*REQUIRED ACTION*
From the entries below, please output exactly the lines starting at the one containing "Декоративная подсветка ЭРА" and ending at the one containing "Zrzut ekranu filmu", both included.

*DATA FOR REVIEW*
◆ ◆ ◆

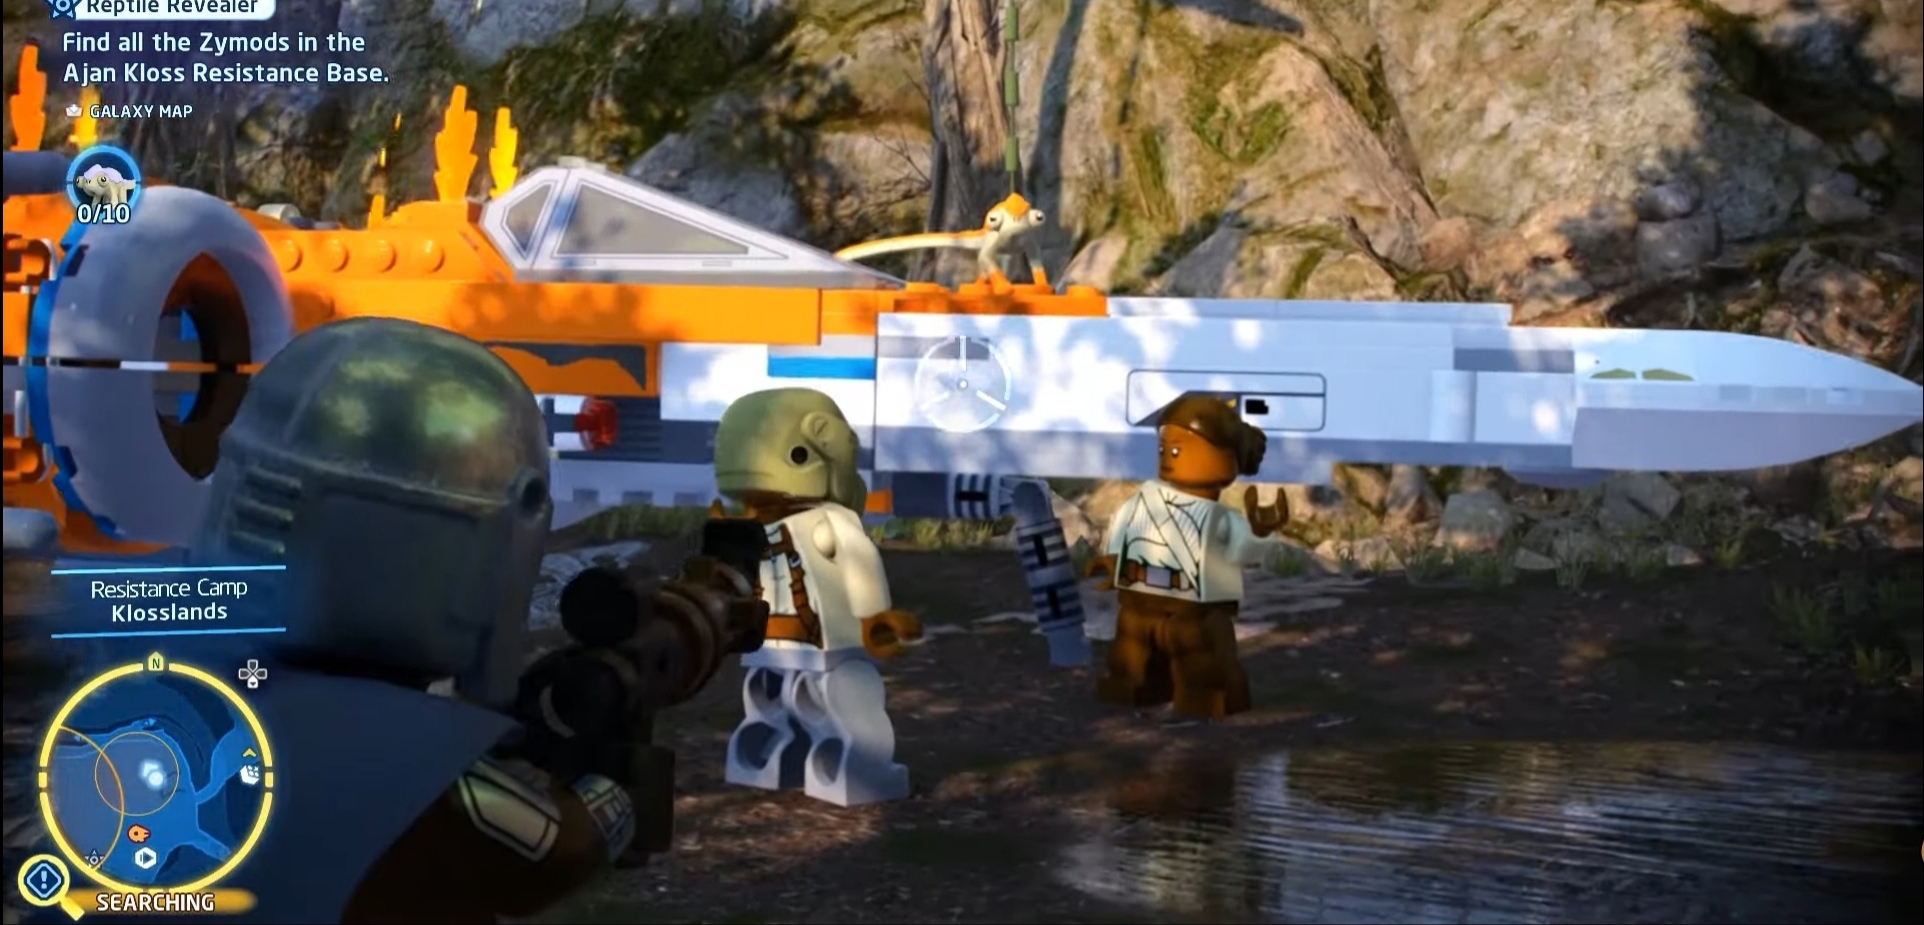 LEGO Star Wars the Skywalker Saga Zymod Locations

◆ ◆ ◆

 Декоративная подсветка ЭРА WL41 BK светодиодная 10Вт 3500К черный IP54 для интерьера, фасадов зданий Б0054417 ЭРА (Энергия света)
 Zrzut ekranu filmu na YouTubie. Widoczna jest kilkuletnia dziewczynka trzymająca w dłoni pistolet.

◆ ◆ ◆

*RESPONSE TO THIS TASK*
 Декоративная подсветка ЭРА WL41 BK светодиодная 10Вт 3500К черный IP54 для интерьера, фасадов зданий Б0054417 ЭРА (Энергия света)
 Zrzut ekranu filmu na YouTubie. Widoczna jest kilkuletnia dziewczynka trzymająca w dłoni pistolet.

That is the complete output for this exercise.